Exercise:
A word-for-word copy of the data is what's wanted, with no pictures.

++++++++

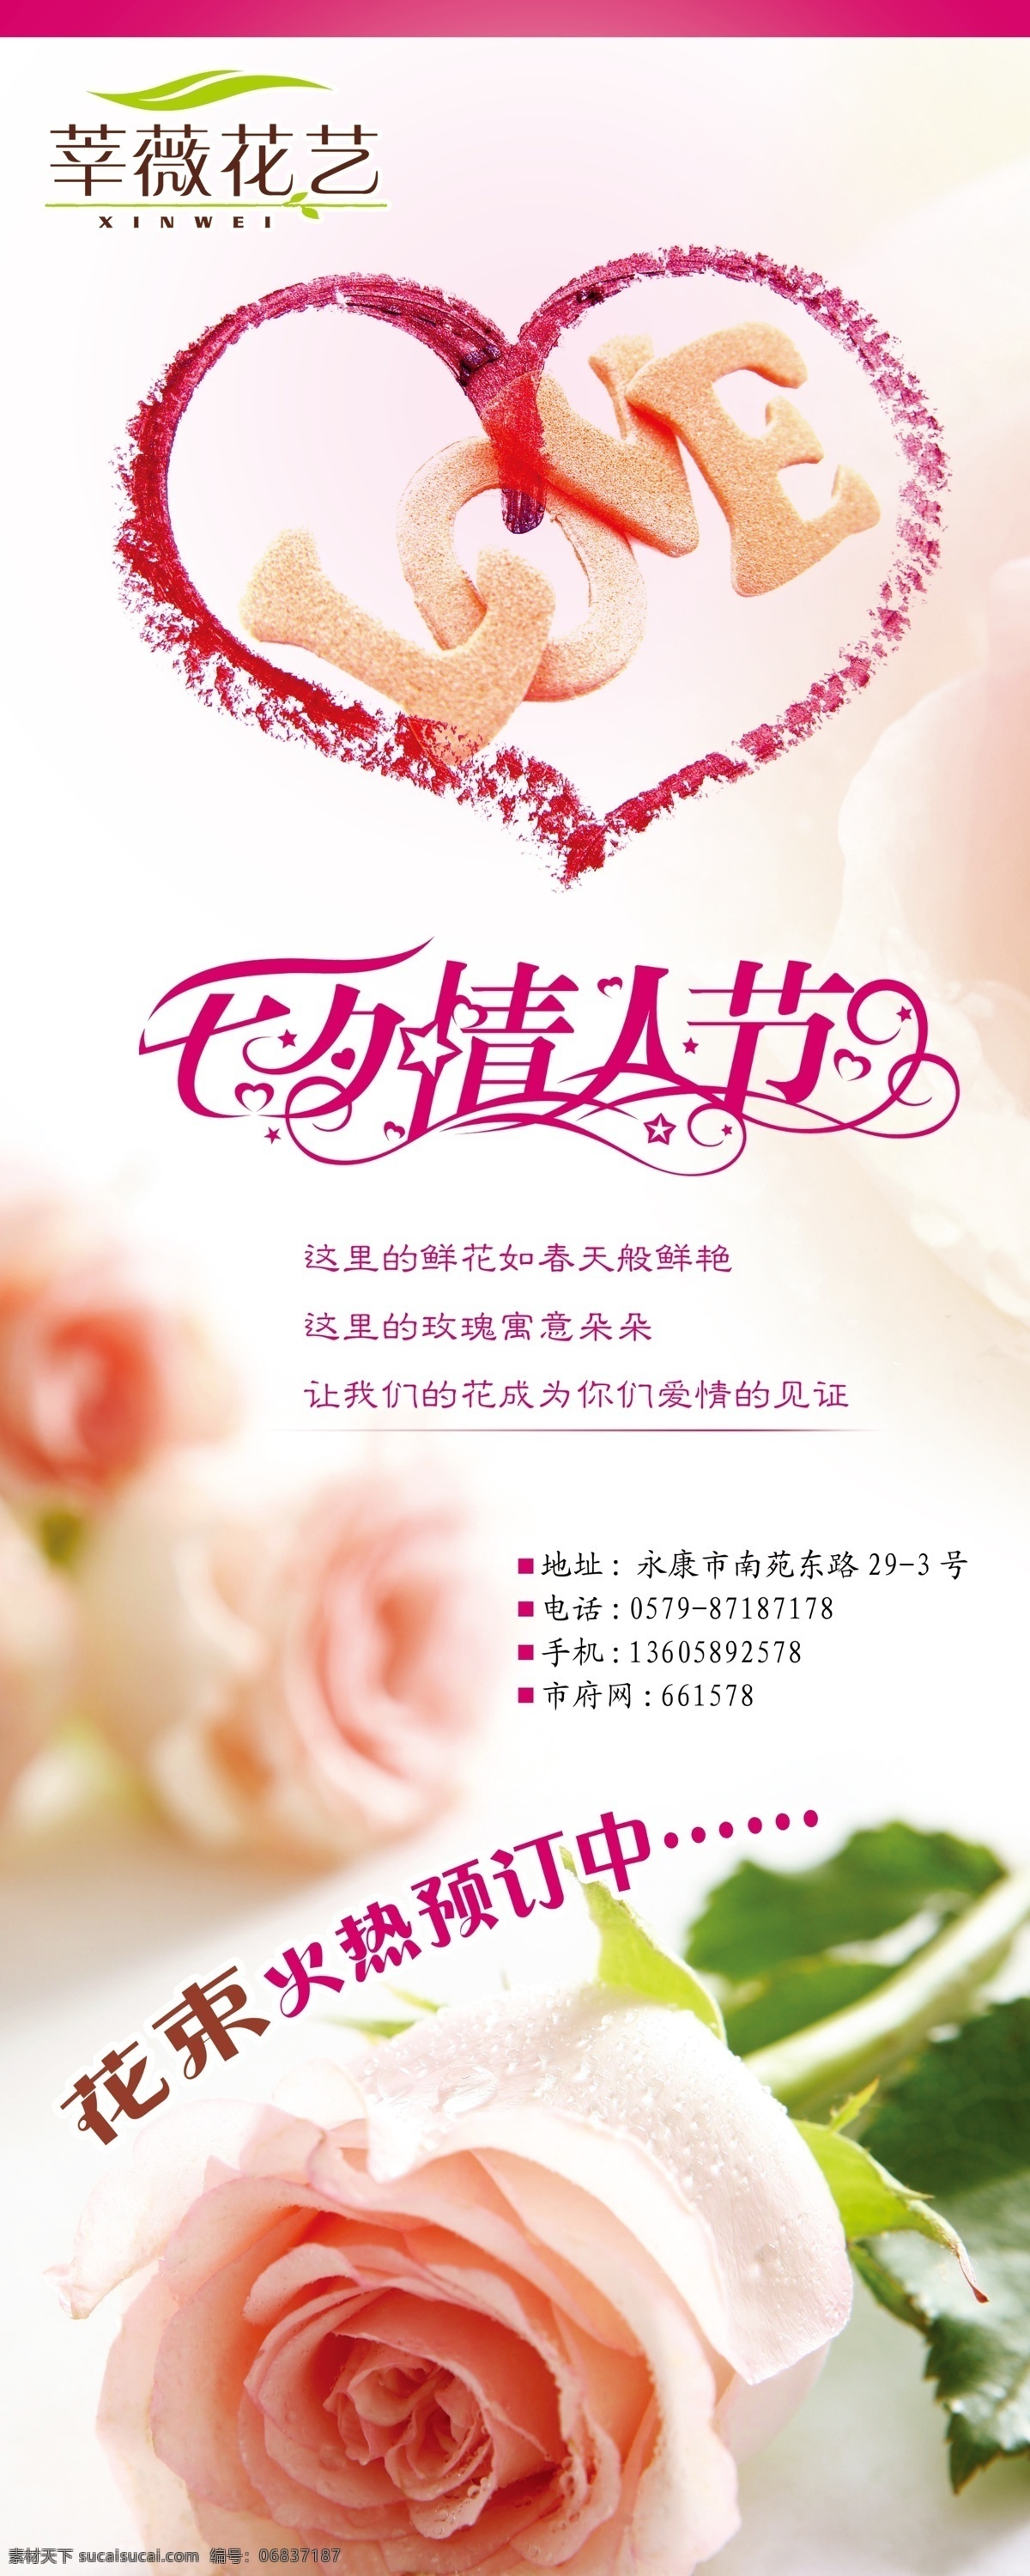 情人节展架 心形 情人节 字体样式 花朵 玫瑰 背景颜色 展板模板
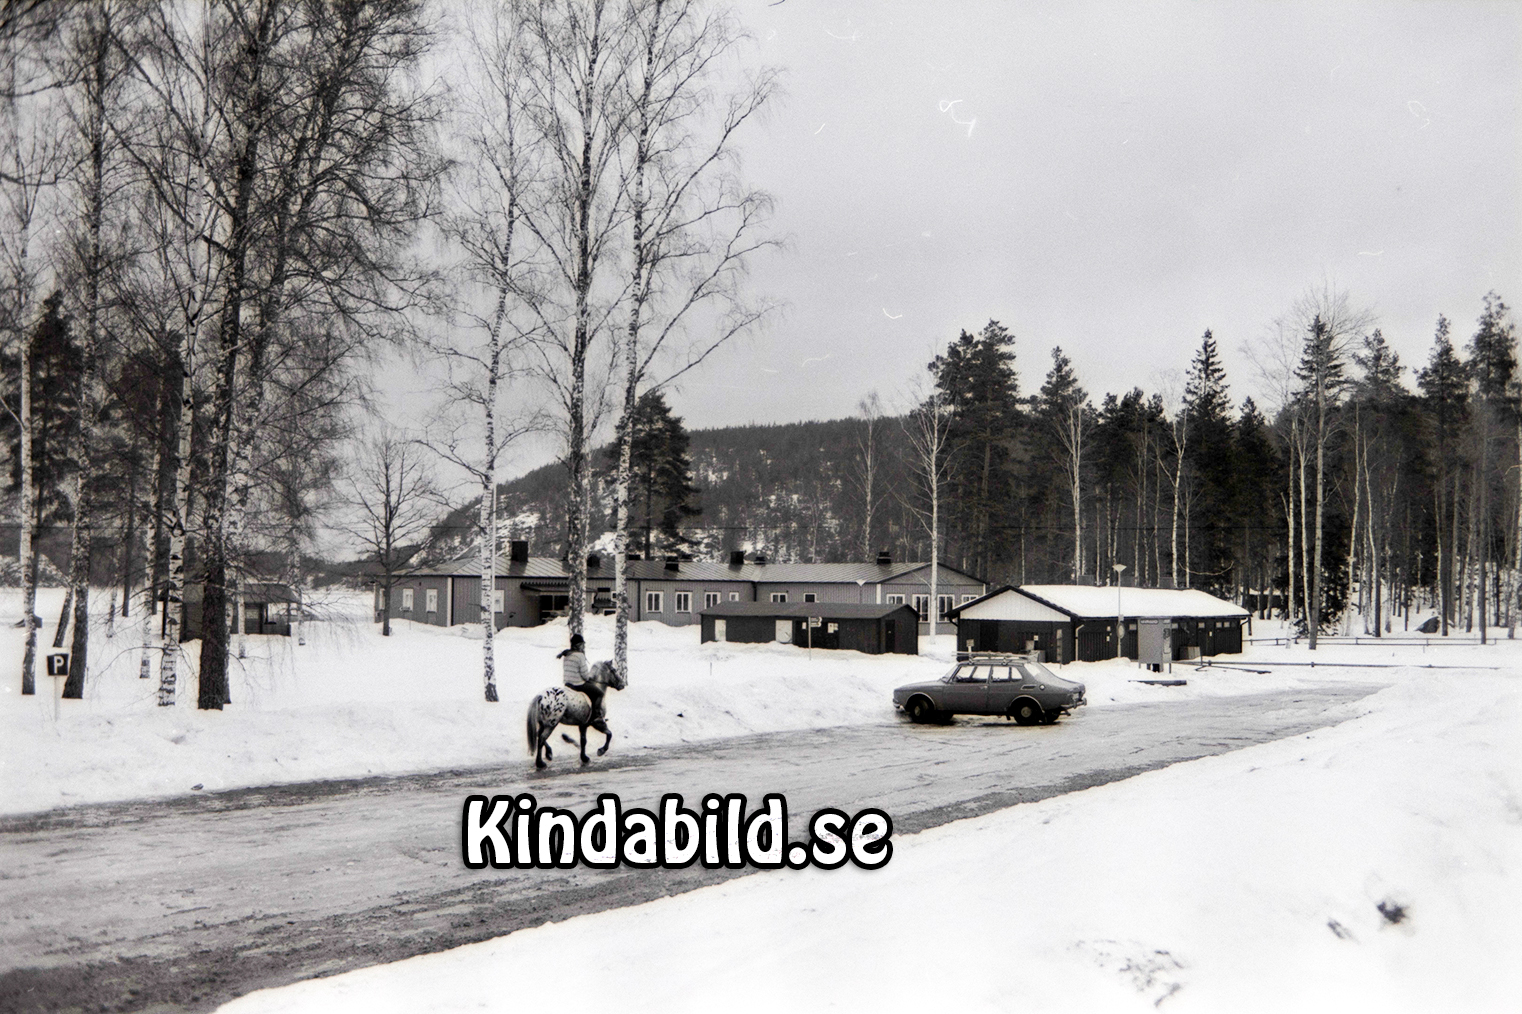 Stiftelsen Fritid Kisa
raja
Vinterbilder från Pinnarp Kisa  

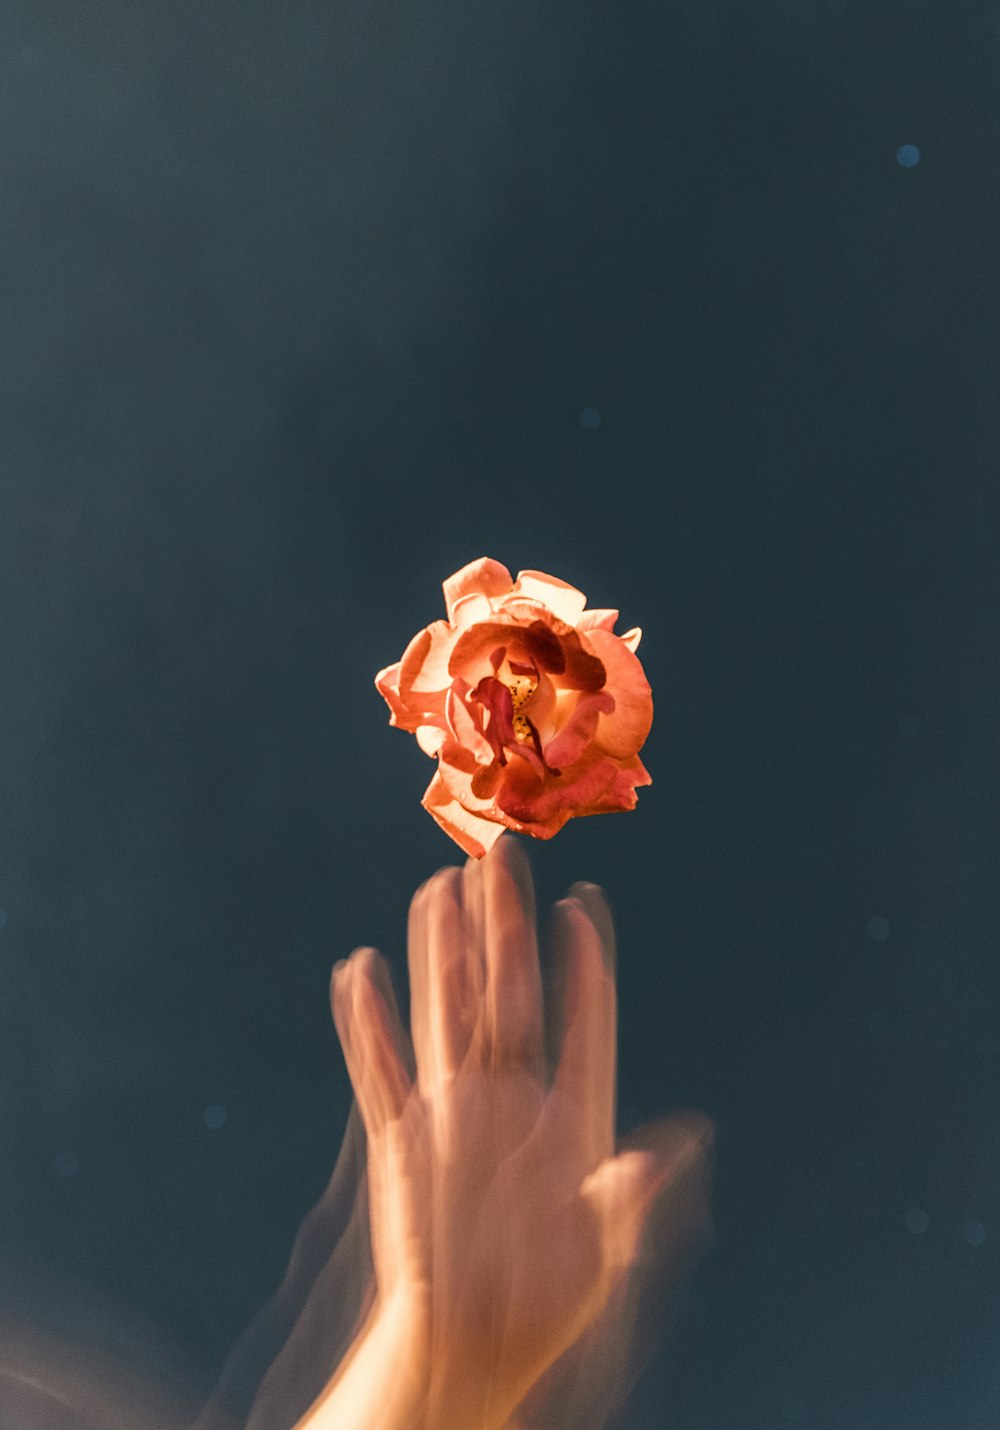 オレンジ色のバラの花を投げる人

++++++++

Output of the exercise:
 情人节展架 心形 情人节 字体样式 花朵 玫瑰 背景颜色 展板模板
 Stiftelsen Fritid Kisa
raja
Vinterbilder från Pinnarp Kisa  

 オレンジ色のバラの花を投げる人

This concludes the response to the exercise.